Whenever I restart kde, I have to go back into manage profiles to have the other profiles I've created chooseable from the "file" menu. If this is just a passing bug, great (though I haven't been able to find this as a bug...). If this is a feature, then I'm not happy.
Do love the split screen coding though, I loved multi-gnome terminal for just that reason.
Thanks
Mike O.
> I have to go back into manage profiles
> to have the other profiles I've created
> chooseable from the "file" menu
Sounds like a bug - though not one I have encountered or seen reported yet.
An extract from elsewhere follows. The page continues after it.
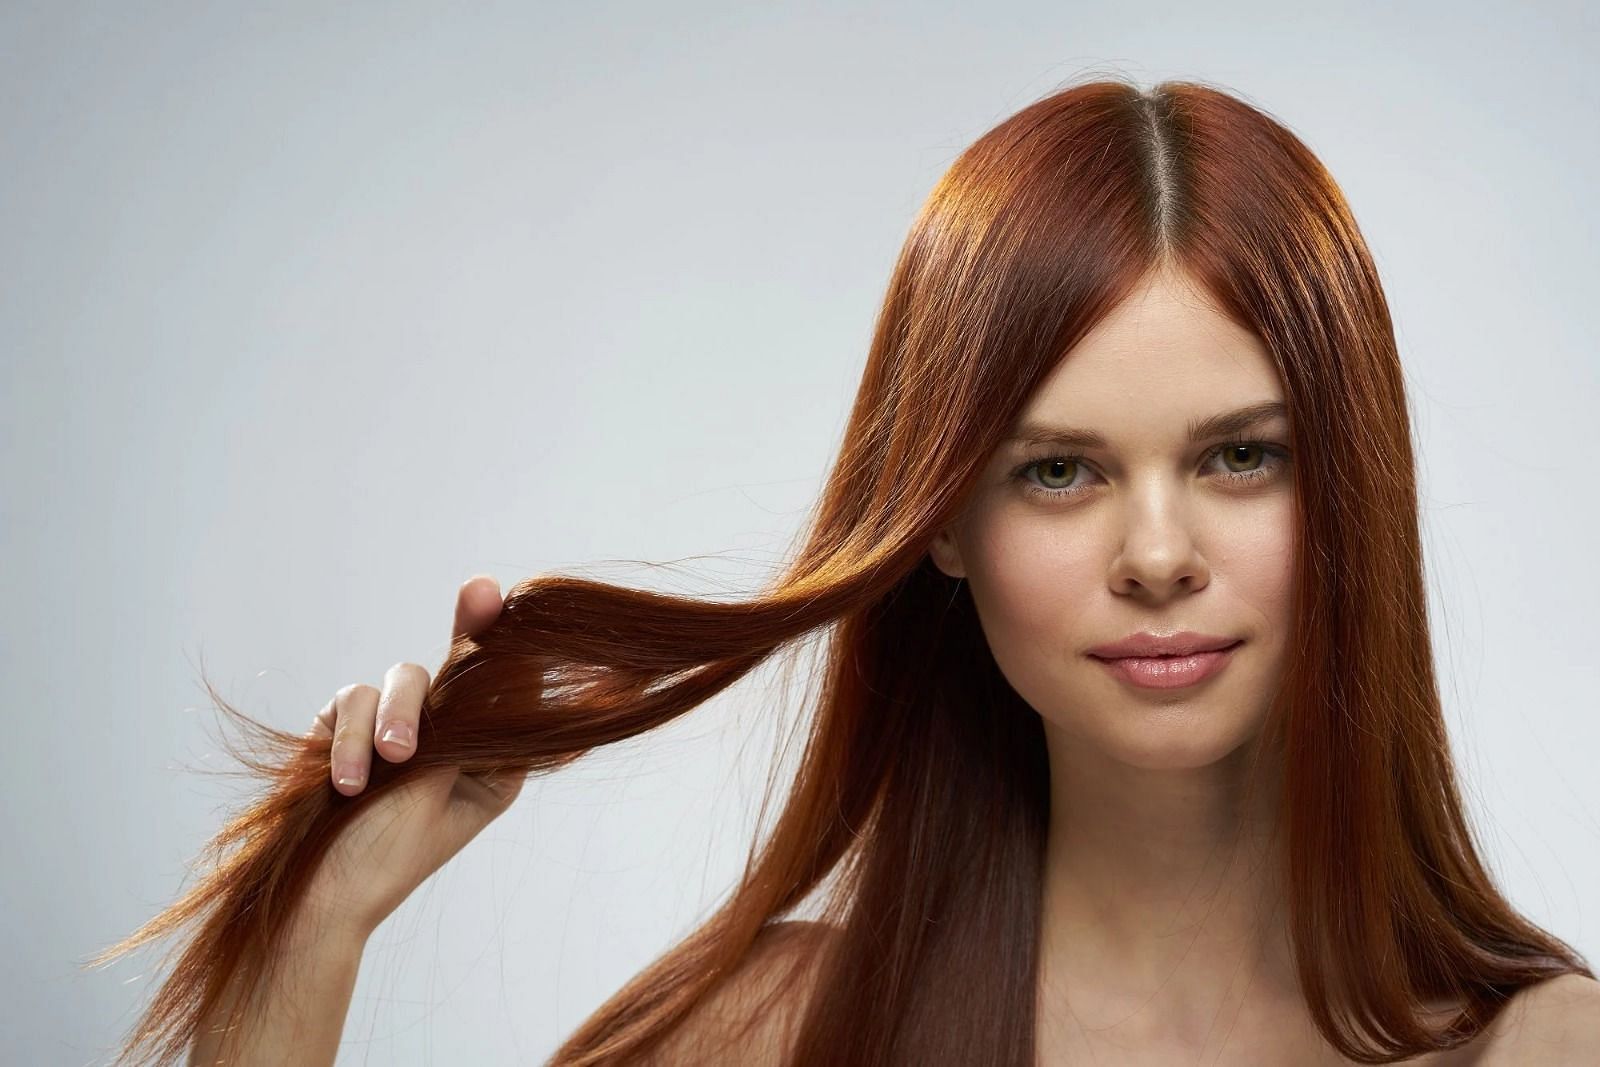 Cinnamon for hair (Image via Getty Images)
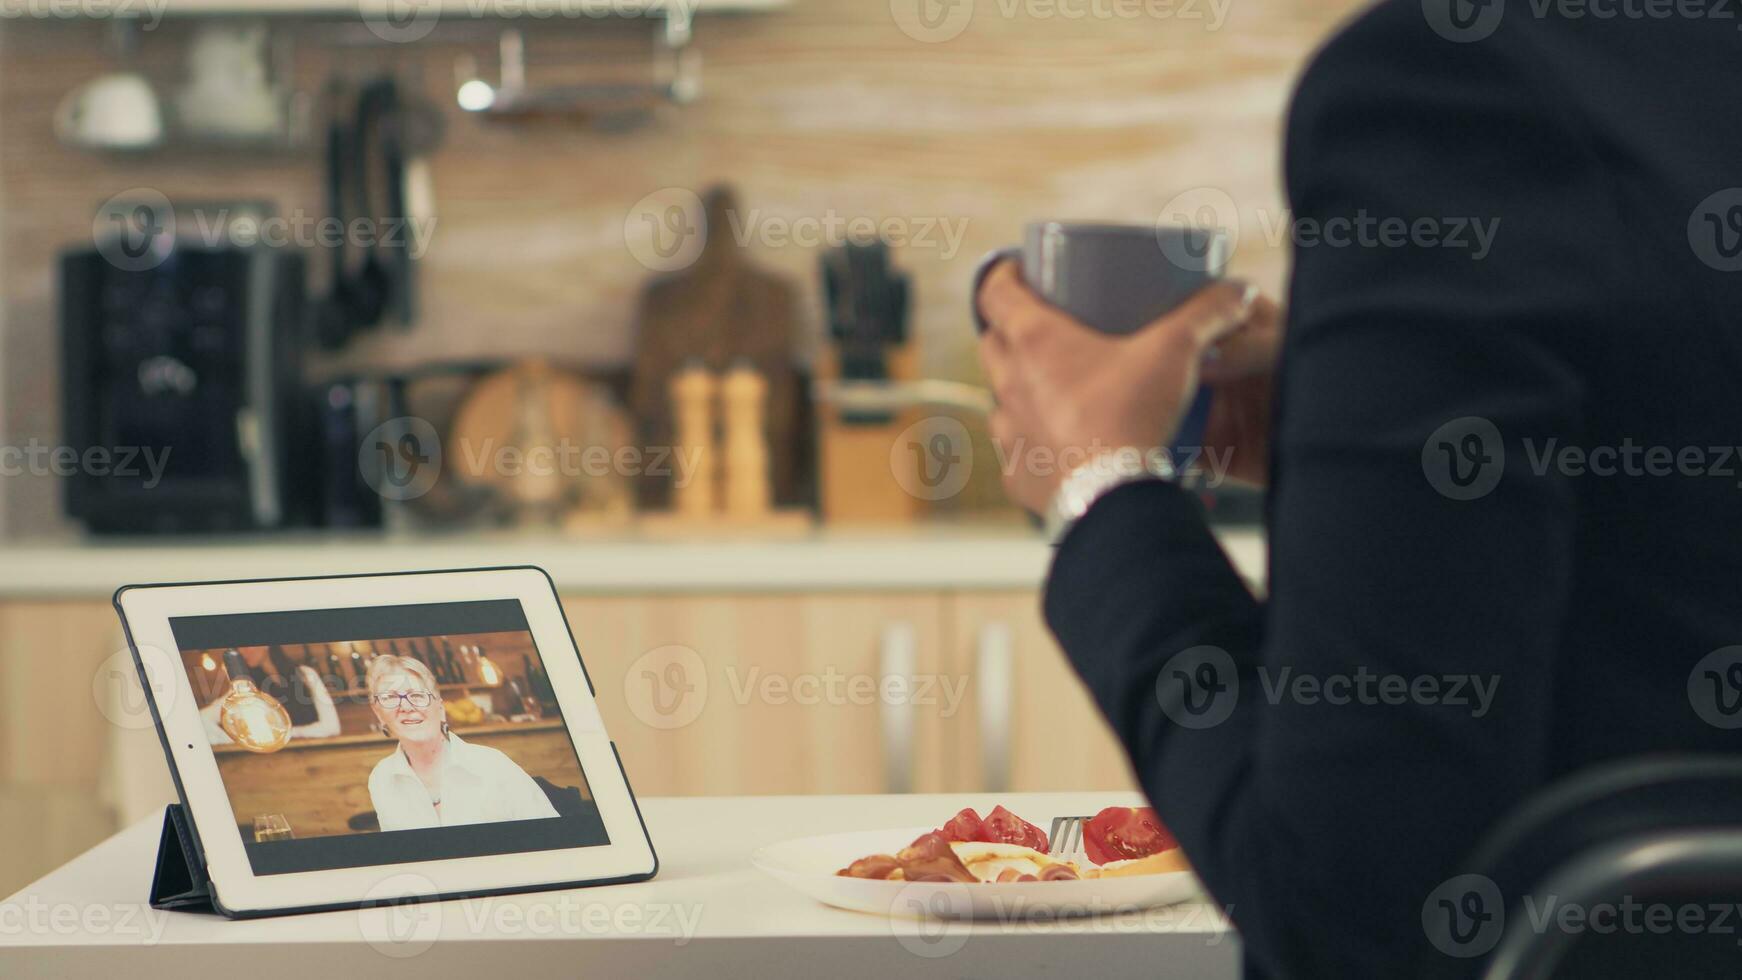 Business woman on a video call with her mother during breakfast. Using modern online internet web technology to chat via webcam videoconference app with relatives, family, friends and coworkers photo

The list of profiles in the File menu (or 'Favorites') is stored in ~/.kde/share/config/konsolerc (depending on your distro, that might be in ~/.kde4 instead).
One thing that blocks me (and surely a couple of colleagues too) from switching to KDE4 is the increased line space in Konsole.
Its really important how much lines you get to look at your code in vi or while watching a log or tail.
Will there ever be a configuration
option to get a KDE3-Konsole-like line spacing back? Or maybe there is one already but we had missed?
Really, kde4's "keep all things more simple"-paradigm shouldn't apply to a terminal emulator.
How far out is session management? I'm guessing it won't make ubuntu 8.10 (even as a bug fix?) As sysadmins, we have another script called fan-konsole which reads cmdline, pulls from mysql, then builds a profile to launch konsole. This is the only way to effectively manage 3000+ remote systems.
Session management has been implemented for 4.2 and the person who wrote the patch is trying to backport it for Fedora 10. If that works out then it may be shipped as a bug fix in Ubuntu 8.10 but I cannot make any guarantees.
> This is the only way to
> effectively manage 3000+ remote systems.
It doesn't seem right to me that such an ad-hoc system would be needed for such a common use case. What do other sysadmins do?